Deux jours plus tard, c’est au tour de Said Sadi de l’épingler. «L a principale force extraconstitutionnelle est la police politique. Aucun oligarque, aucun apparatchik ne peut violer durablement la loi s’il n’est pas couvert ou encouragé par les services parallèles, bras politique séculier de l’armée. On assiste à plusieurs manœuvres où les anciens réseaux du DRS, fidèles au général Mediene, se reconnectent aux structures actives du renseignement pour préparer une OPA sur le mouvement à travers le parachutage de Liamine Zeroual dont un poster géant a été accroché ce vendredi (22 mars) sur un bâtiment de la Place Audin (Alger). Fausse piste ou ballon d’essai, il est trop tôt pour dire si l’ancien chef d’État se laissera reprendre au jeu des appels obliques des services », a écrit le fondateur du RCD sur son compte Facebook.

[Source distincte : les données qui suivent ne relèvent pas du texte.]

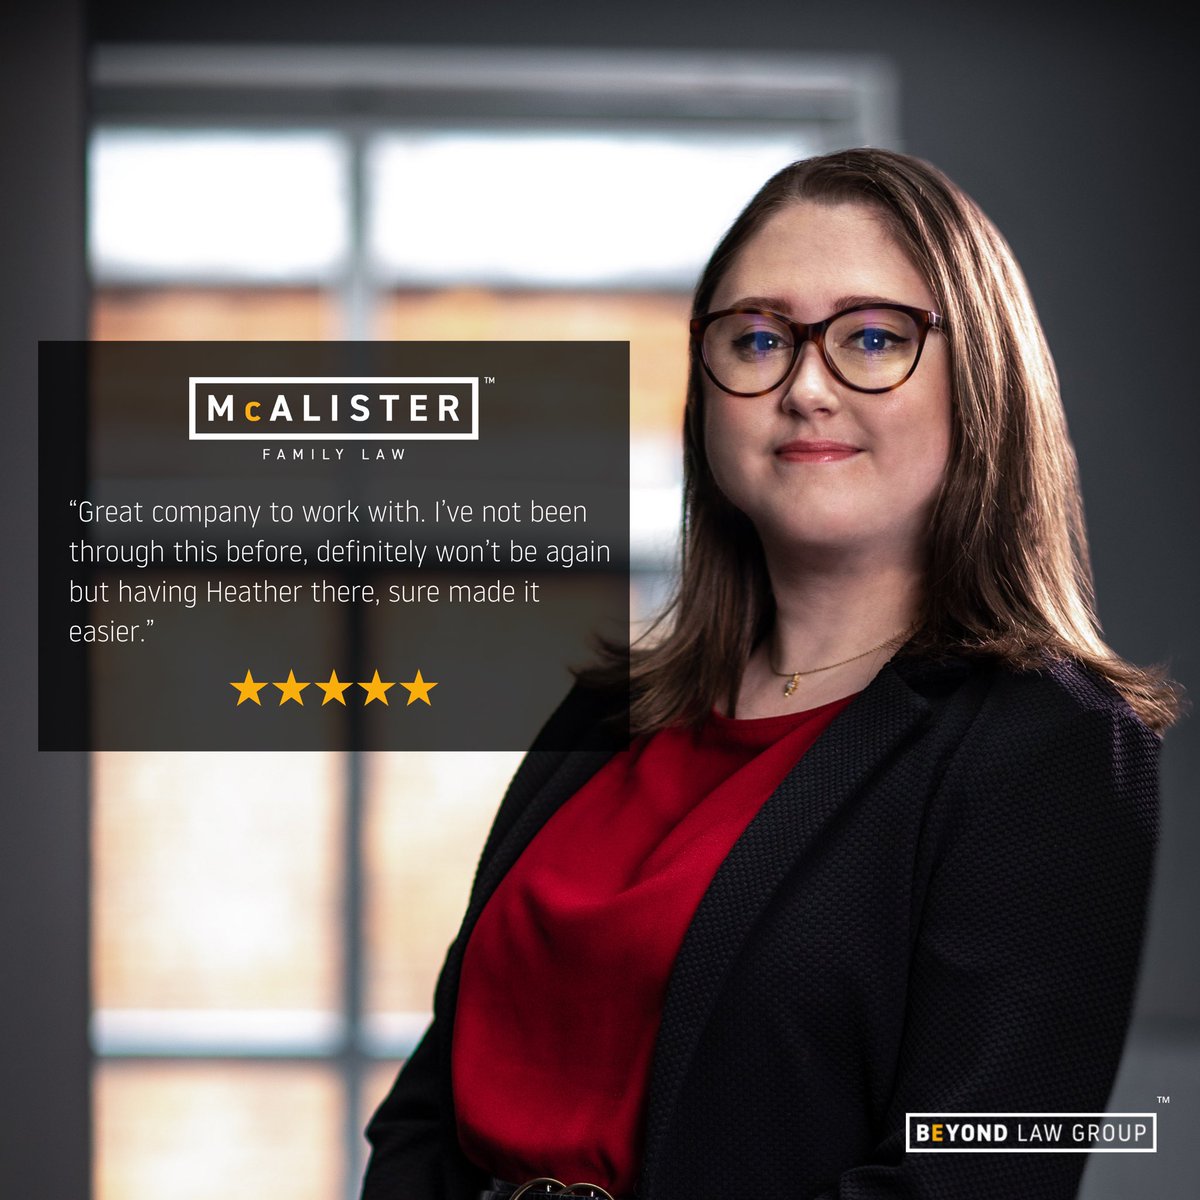 It’s Testimonial Tuesday! This week we have a lovely review for @McAlisterFamLaw’s @HeatherFamLaw! 👏 Thank you for your review and great work as always Heather! #familylaw #divorce #law #manchester #review
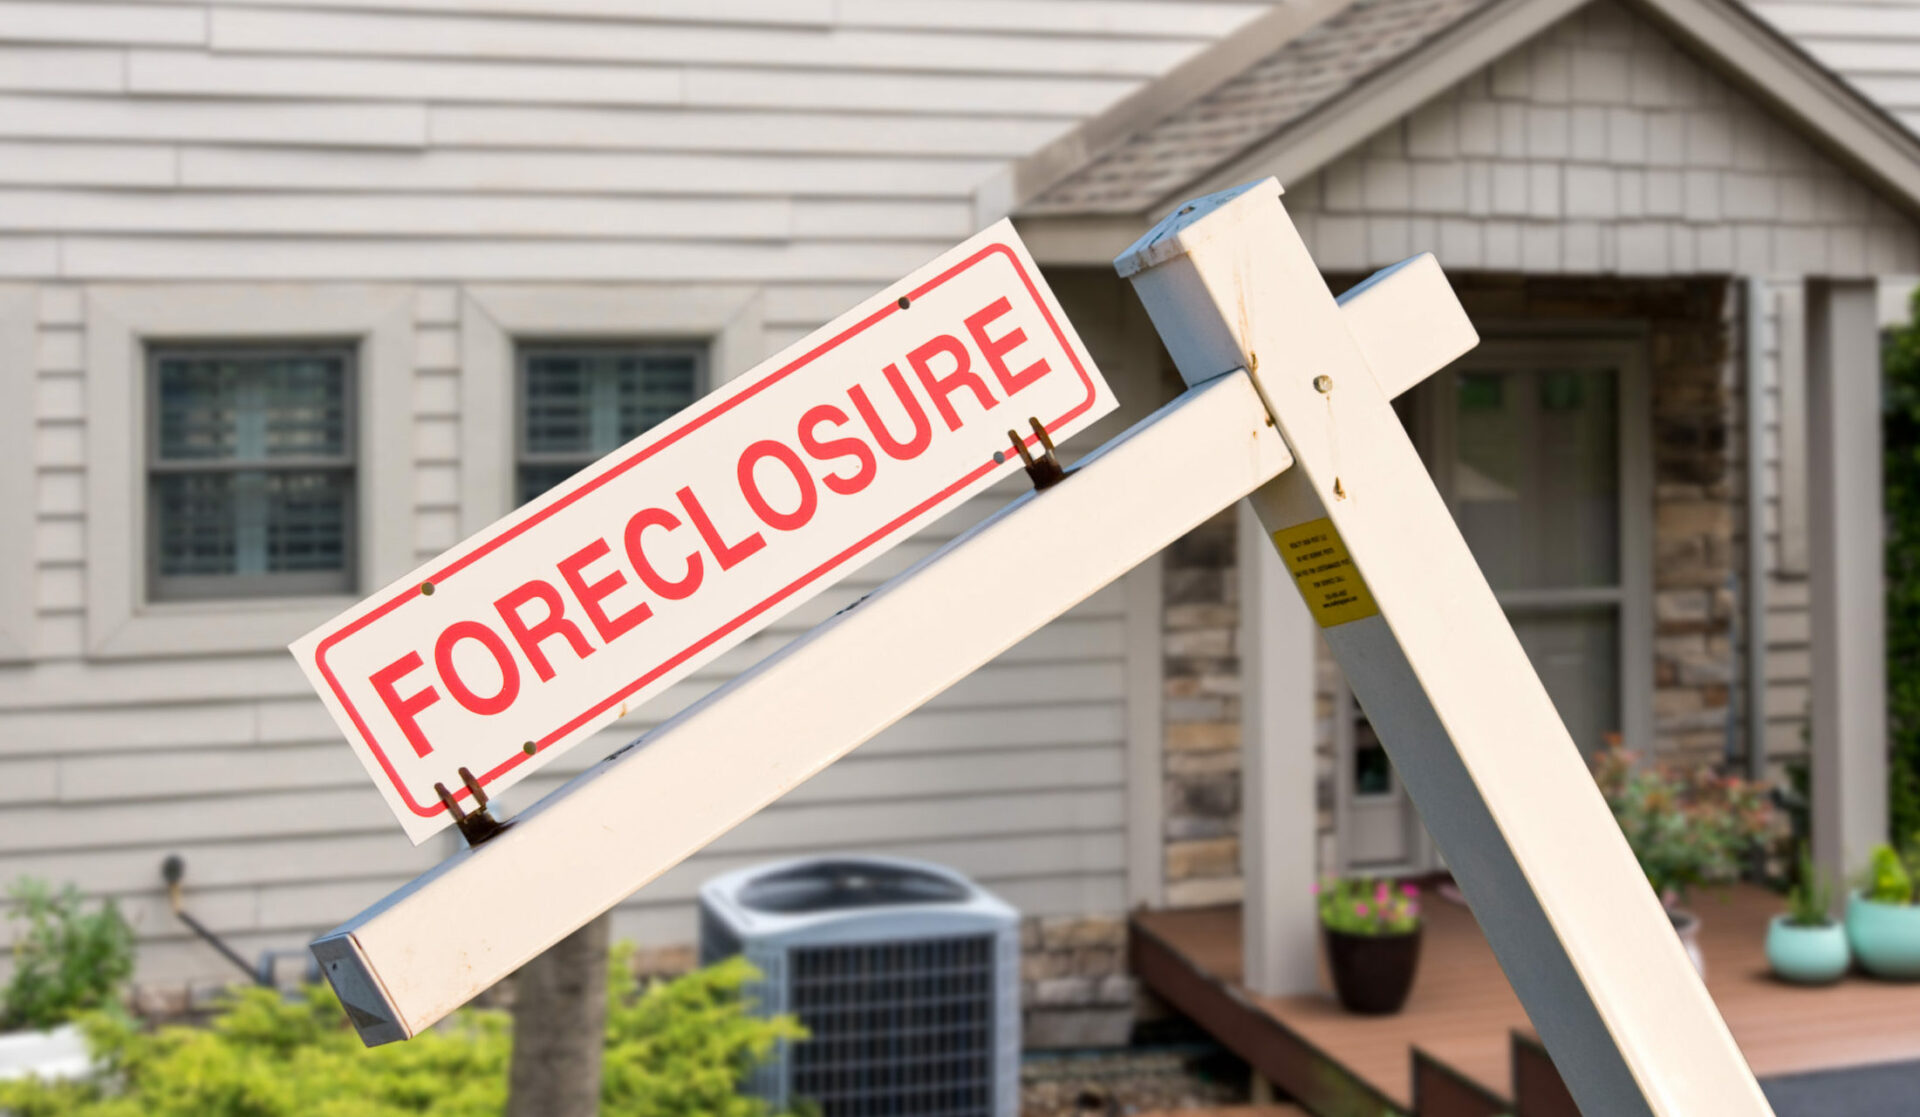 Foreclosure Suspended For Homeowners Seeking Relief, FHA Says

Début avril, c’est l’ancien président, Liamine Zeroual de dévoiler la tenue d’une réunion avec l’ancien patron du DRS que celui-ci avait pourtant démentie après l’annonce de Gaid Salah le 30 mars. L’ancien président avait révélé qu’une proposition, inspirée par Said Bouteflika, lui a été faite par Mohamed Mediene pour conduire une transition.

« J’ai fait part à mon interlocuteur de toute ma confiance dans la maturité des millions de manifestants et de la nécessité de ne pas entraver la marche du peuple, redevenu maître de son destin », a écrit Zeroual dans une déclaration à la presse. « Aujourd’hui, et devant la gravité de la situation, les tenants du pouvoir doivent faire preuve de raison et de discernement et s’élever à la hauteur de notre peuple pour éviter tout dérapage aux conséquences incalculables pour le pays et laisser les Algériens s’exprimer librement et imposer la volonté de notre grand peuple », a préconisé Zeroual.

En le chargeant ce mardi, Ahmed Gaid Salah détient-il de nouveaux éléments qui confondent celui que tout le monde accuse, à tort ou à raison, d’avoir contribué à conduire le pays dans la situation dans laquelle il se trouve aujourd’hui ? Si tel est le cas, pourquoi ne procède-t-il pas à son arrestation puisqu’il est accusé d’agissements « suspects » et de comploter contre l’armée et l’État ? Faute de transparence et en attendant une hypothétique réaction de l’ex-général-major, les Algériens sont conviés à l’étalage de la guerre clanique au moment où le pays est en quête de perspectives démocratiques.